Eight trophy triumphs from 23 appearances convey the strength, power and systematisation of the sport in Germany. The mid-Eighties constitute its golden phase. This was the era when the Germans displayed an extraordinary degree of energy, enterprise and efficiency. Under the brilliance of Stefan Blocher, combined with the proficiency of players like Heiner Dopp and Eckhardt Schmidt, the Germans swept aside every opposition, recording a three-in-a-row from 1986.

Key player... Gagan Ajit Singh has to put his shoulder to the wheel if India is to stay in the hunt.-K. RAMESH BABU

Their immaculate junior programme kept the assembly line throbbing. Carsten Fischer and Andreas Keller carried the flag with distinction as the next set emerged in the mid-1990s around all-rounders such as Christian Mayerhofer, Christian Blunck, Christoph Bechmann, Clemens Arnold, who were followed by the likes of Florian Kunz, Michael Green, Sascha Reinalt and Bjorn Michel.

Australia and the Netherlands share the second slot with seven cup wins each. A force to reckon with since the 1970s, the Aussies hit a purple patch when superbly endowed stars like Ric Charlesworth, Terry Walsh, Colin Batch, David Bell, and Trevor King led them to a hat-trick of triumphs from 1983-85. And what more, they crowned themselves as the World Champions in 1986 at Willesden. The supremacy prolonged under the strength of players like Warren Birmingham, the indefatigable mid-fielder, and Mark Hager, a wonderful striker.

The Aussies were also served in an exemplary manner by dynamic coaches Richard Aggis, Frank Murray, Terry Walsh, and now Barry Dancer, who steered the team to the first ever Olympic gold. The combination today with players like Brent Livermore, Mike McCann, Grant Schubert and Craig Victory maintains that Aussie flavour and tradition.

The Dutch saga was triggered by the outstanding duo, Paul Litjens and Thies Kruize, who transformed the conversion of penalty corners into a connoisseur's delight. The first Dutch triumph came in 1981 in Karachi, prompting the KNHB to host the event at Amstelveen in 1982. Although the Dutch won the World Cup in 1990, thanks to the marvellous hitter, Floris Bovelander, it took another six years before the team could lay its hands on the Champions Trophy. Interestingly, it came in 1996 in Chennai, where coach Roelant Oltmans touched a new high, taking the team also to the top of the podium at the Olympics (1996) and the World Cup (1998).
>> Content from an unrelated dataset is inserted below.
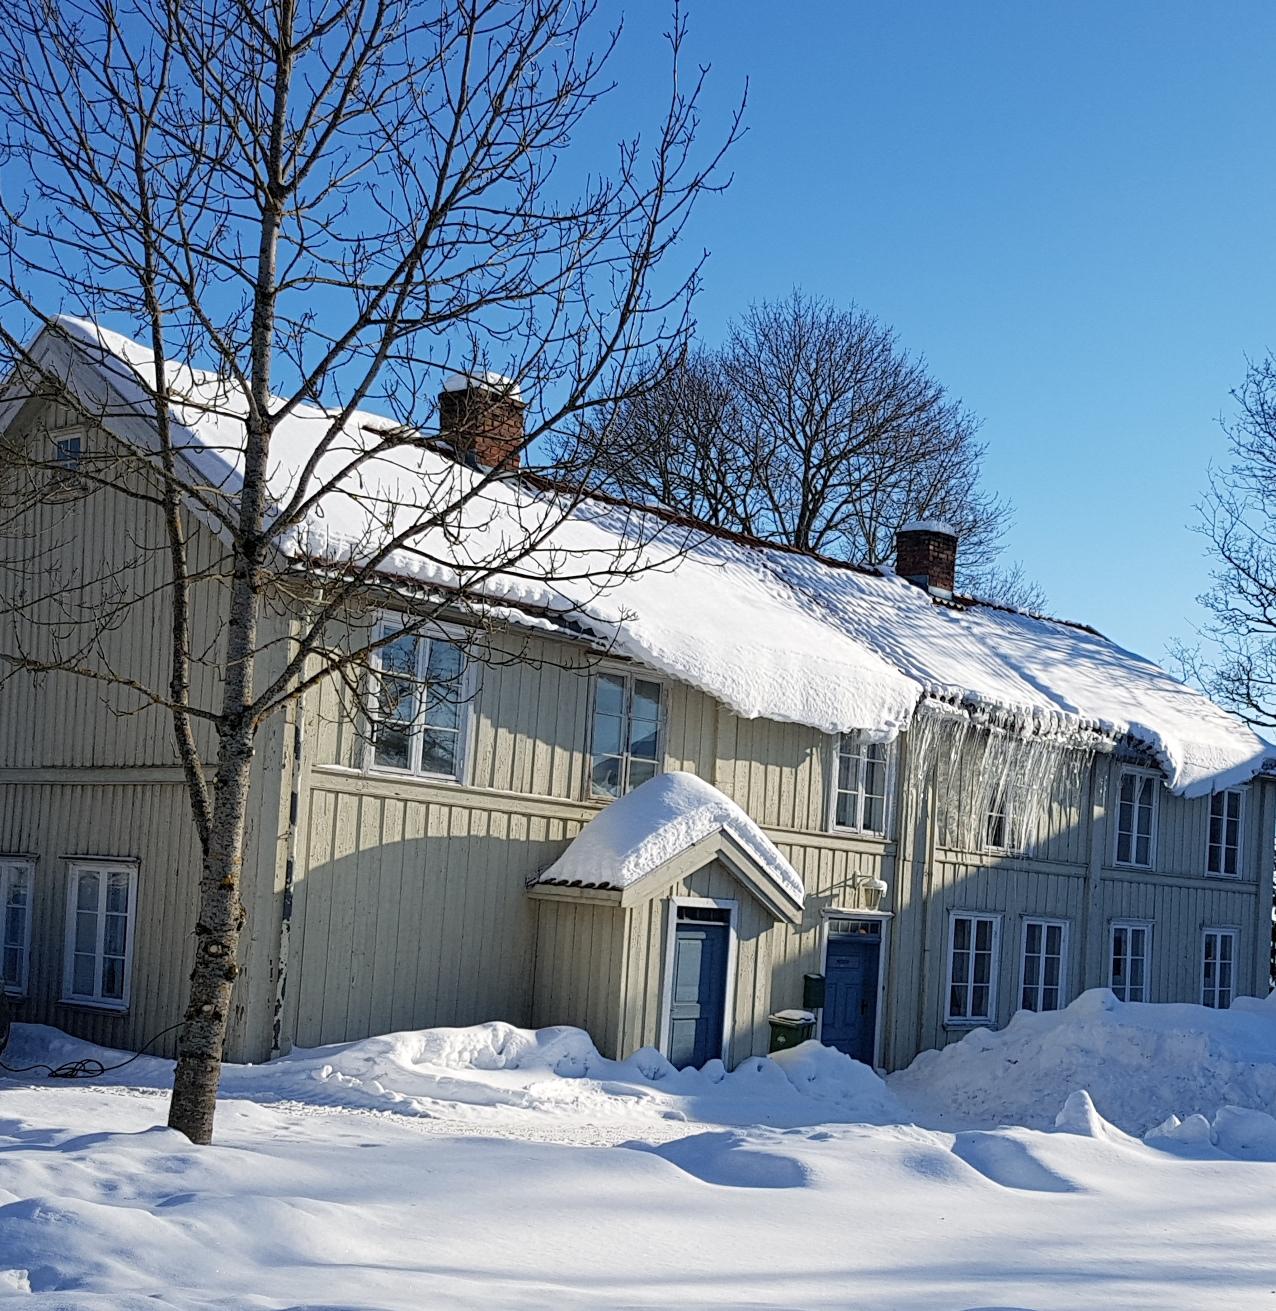 2018-03-rh-vinterhuset.jpg

No combination had emerged as powerful as the Dutch in the last decade, picking the trophy thrice since the turn of this century. The exit of Bovelander paved the way for hitters like Bram Lomans, finishers like Stephen Veen, and immaculate mid-fielders like Jerome Delmee. The best of them all is Teun de Nooijer, acknowledged as the best forward in contemporary hockey.
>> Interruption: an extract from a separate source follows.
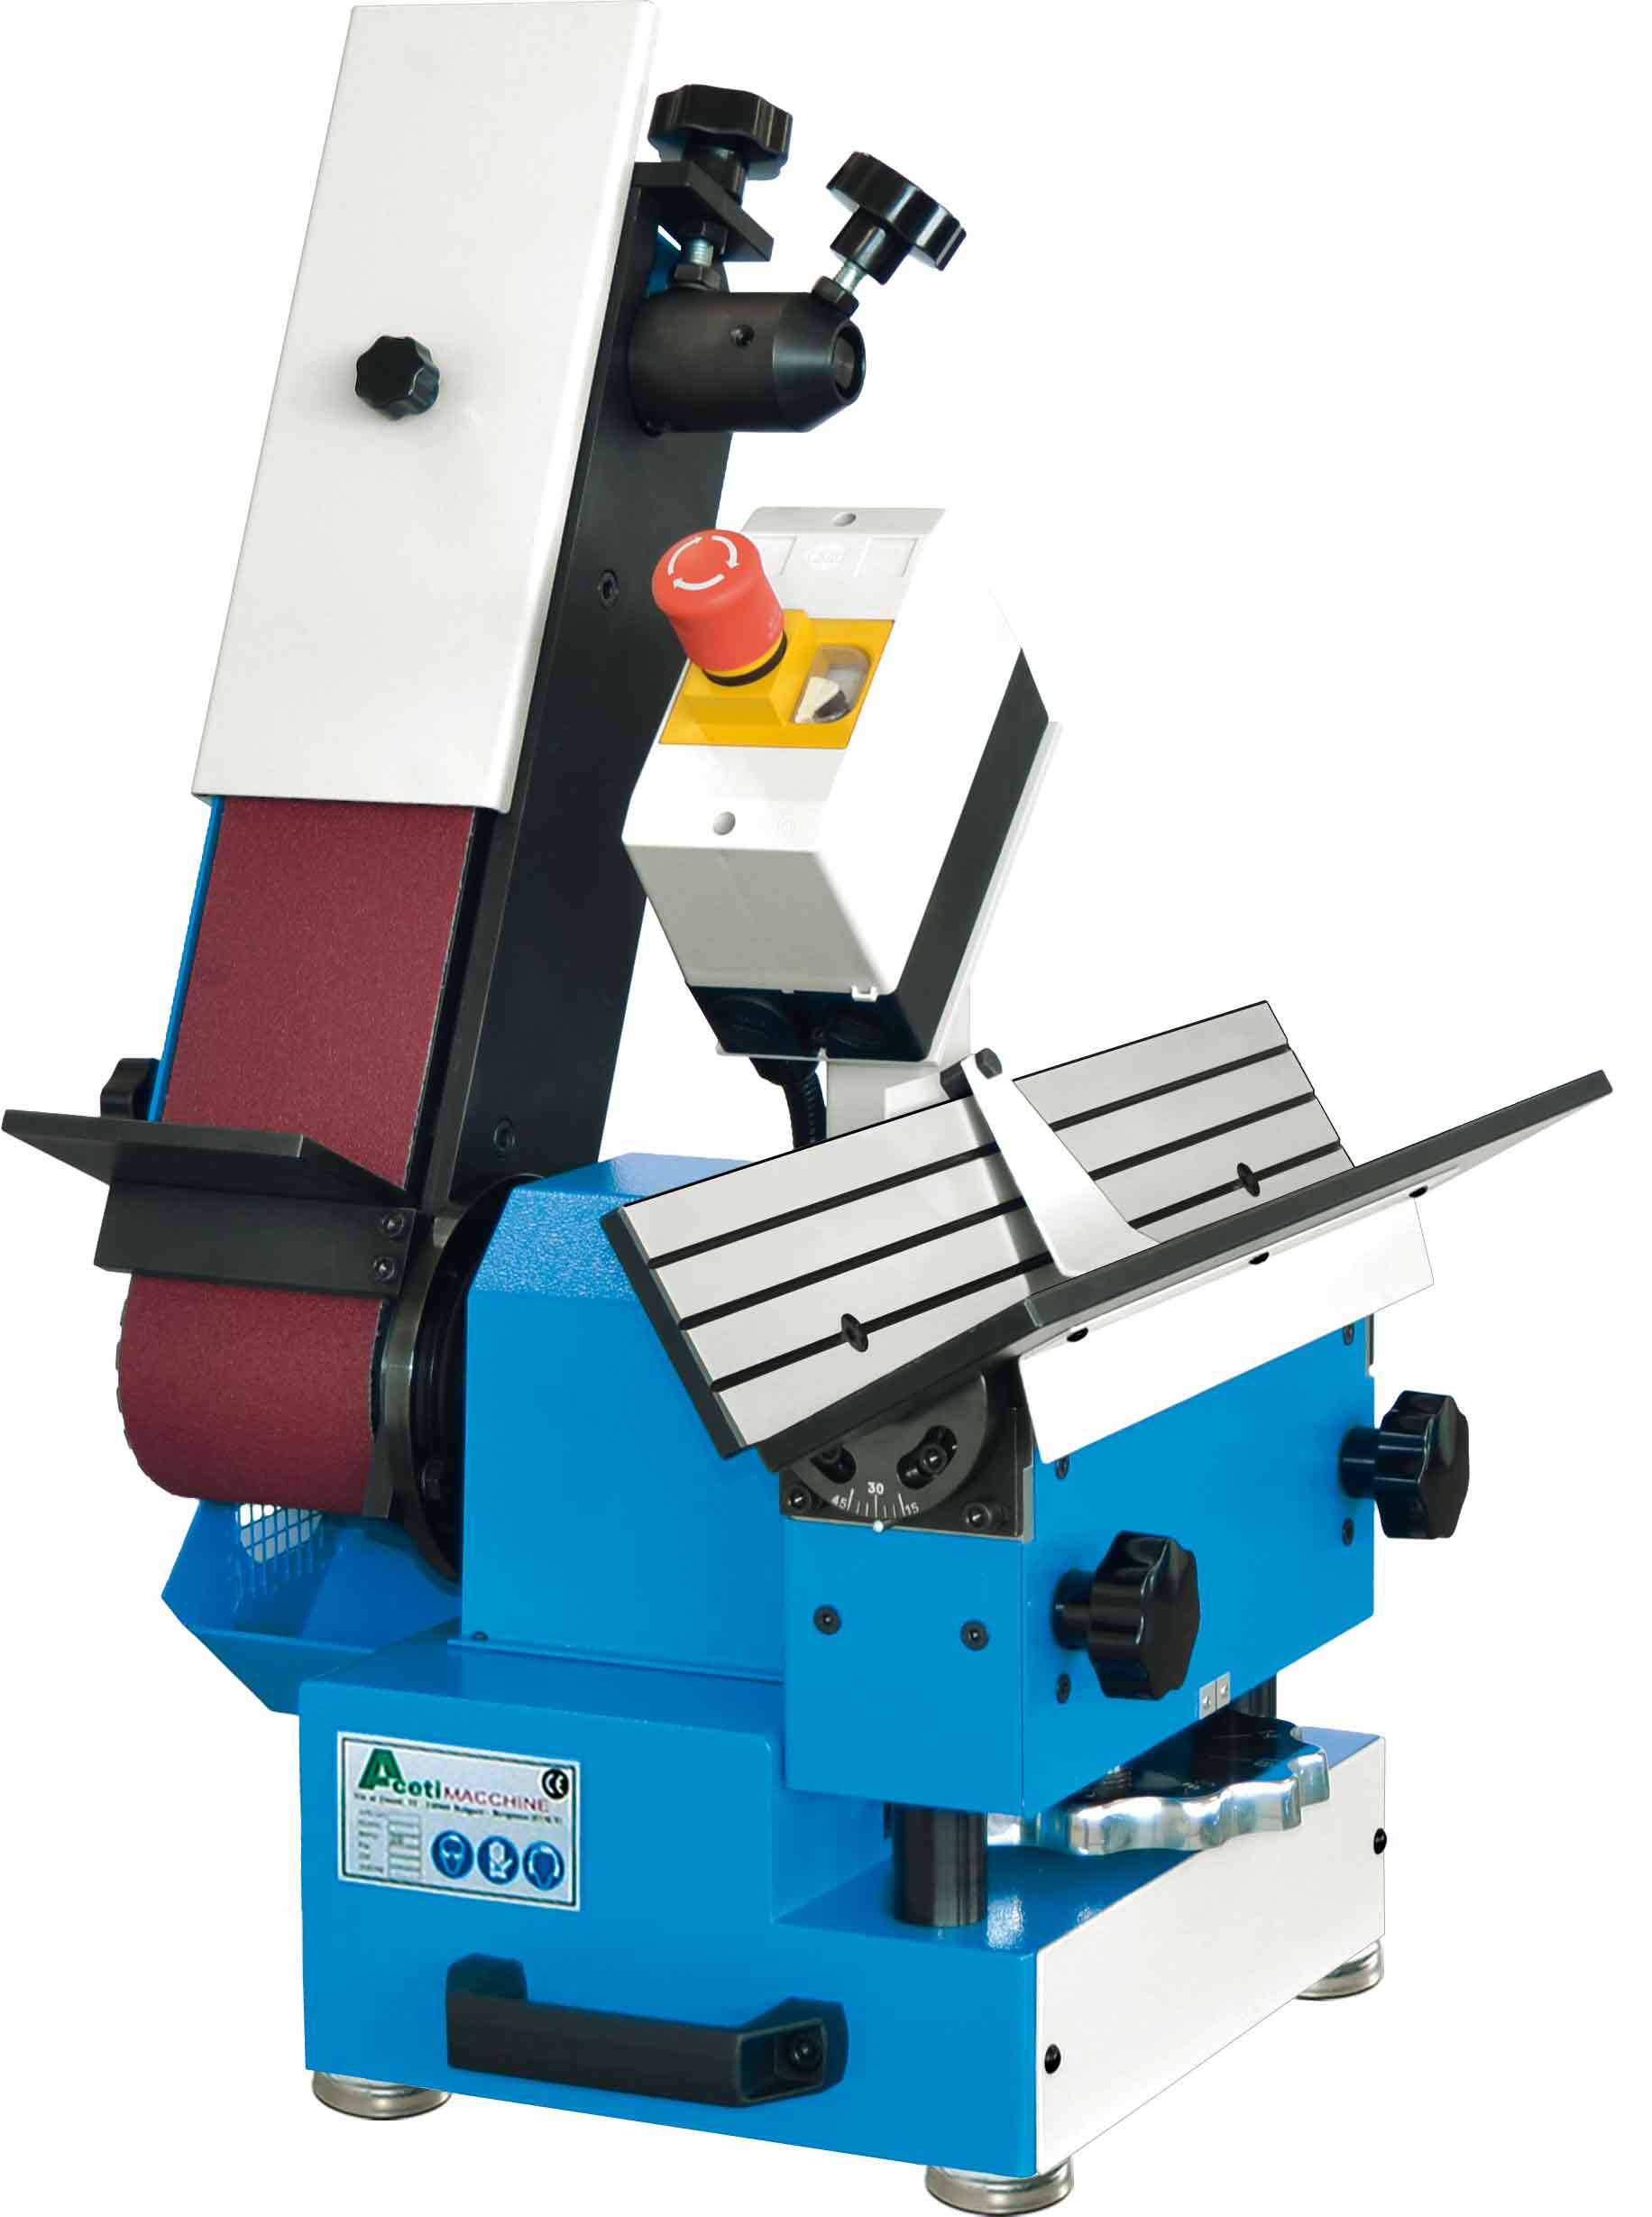 ART.83 - Bevelling machine

For all the talent and support secured, Pakistan's record, quite surprisingly, is poor with just three victories, the last coming in 1994, all on home soil. But stalwarts like Shahbaz Ahmed have always kept the interest alive. The team had been on the podium 15 times.
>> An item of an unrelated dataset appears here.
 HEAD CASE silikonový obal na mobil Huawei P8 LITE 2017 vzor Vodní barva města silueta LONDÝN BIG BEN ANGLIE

The emerging force is Spain, whose ascendancy is refreshingly striking for the last three years. The Dutch coach, Maurits Hendriks, has shaped an extremely efficient squad, whose capacity for improvisation has to be seen to be believed. Eduard Tabau and Pol Amat constitute the strike elements in the frontline, while Shanti Freixa's penalty corners can stun any goalkeeper. The exemplary control of the mid-field by Juan Escarre is another important factor.

Rehan Butt... India's nemesis.-VINO JOHN

That India has not gone beyond the bronze it secured in 1982 confirms a pathetic fact. The team missed a podium finish twice in recent times after a spectacular display against Pakistan in Cologne and Amstelveen. But that is no consolation to the thousands of followers at home and abroad. Even when the event was held here in 1996, India managed only a fourth place.

Beyond continental events, India has achieved nothing significant since 1980. A breakthrough is long overdue. Will the second edition in Chennai provide this, at least giving the team a bronze, that many reckon is not beyond the ken of a combination that boasts players in the calibre of Dilip Tirkey, Viren Resquinha and Gagan Ajit Singh.

From Lahore in 1978 to Chennai in 2005, the Champions Trophy has traversed an eventful course, embellishing the competitive fervour across the globe.